Patterson's quote comes from a personal letter of 1979, written to Luther Sunderland (a creationist, although Patterson was unaware of this at the time).  Sunderland had written to Patterson asking why his recently published book, Evolution, did not feature illustrations of transitional fossils from which modern species were descended.  Adding the sentences before and after the second part of the quote clarifies Patterson's point:
You say that I should at least "show a photo of the fossil from which each type of organism was derived."  I will lay it on the line – there is not one such fossil for which one could make a watertight argument.  The reason is that statements about ancestry and descent are not applicable in the fossil record.  Is Archaeopteryx the ancestor of all birds?  Perhaps yes, perhaps no: there is no way of answering the question.  It is easy enough to make up stories of how one form gave rise to another, and to find reasons why the stages should be favoured by natural selection.  But such stories are not part of science, for there is no way of putting them to the test.

Patterson was explaining to Sunderland that, of the transitional fossils that were known, he could not make a watertight argument for any of them being the direct ancestor of a living species group.  Archaeopteryx, for example, is not necessarily the direct ancestor of modern birds.  It may have been a species on a side-branch.

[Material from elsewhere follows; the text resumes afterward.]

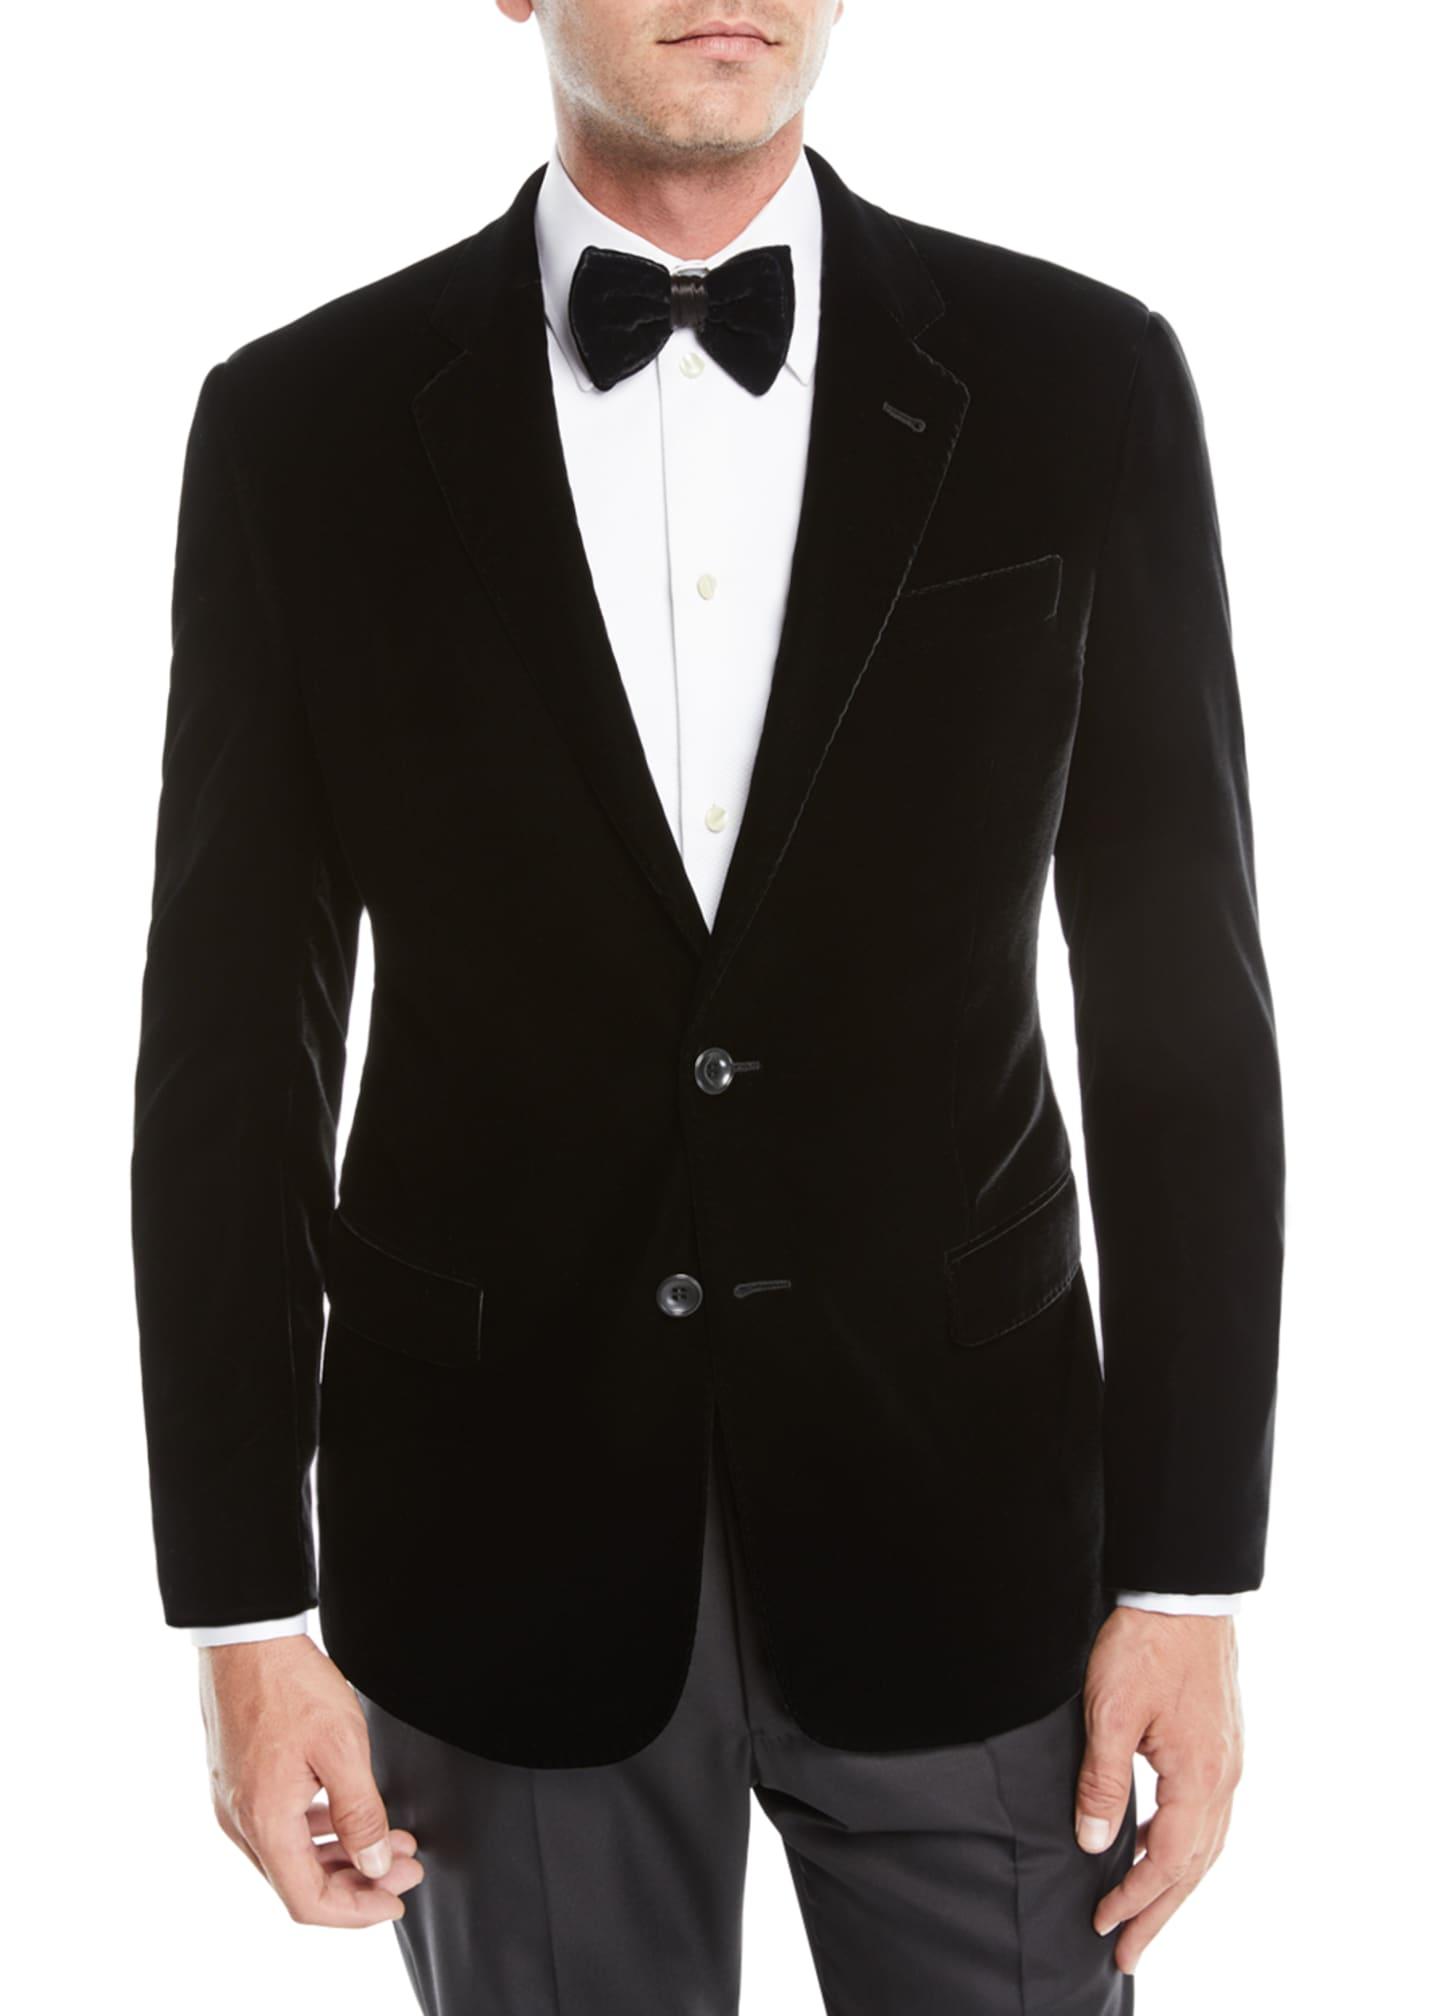 Giorgio Armani Men's Velvet Two-button Jacket in Black for Men - Lyst

Patterson's quote has been used extensively by creationists over the years, and creationists and anti-creationists have argued about its proper use.  Consequently, creationists now tend to accompany their quotation of Patterson by suggesting his meaning was clear (they usually argue the clear meaning is that suggested by their edited quote, complete with the ellipses!) and any subsequent comment or clarification (including any by Patterson himself!) on the quote is a distortion of its true intent.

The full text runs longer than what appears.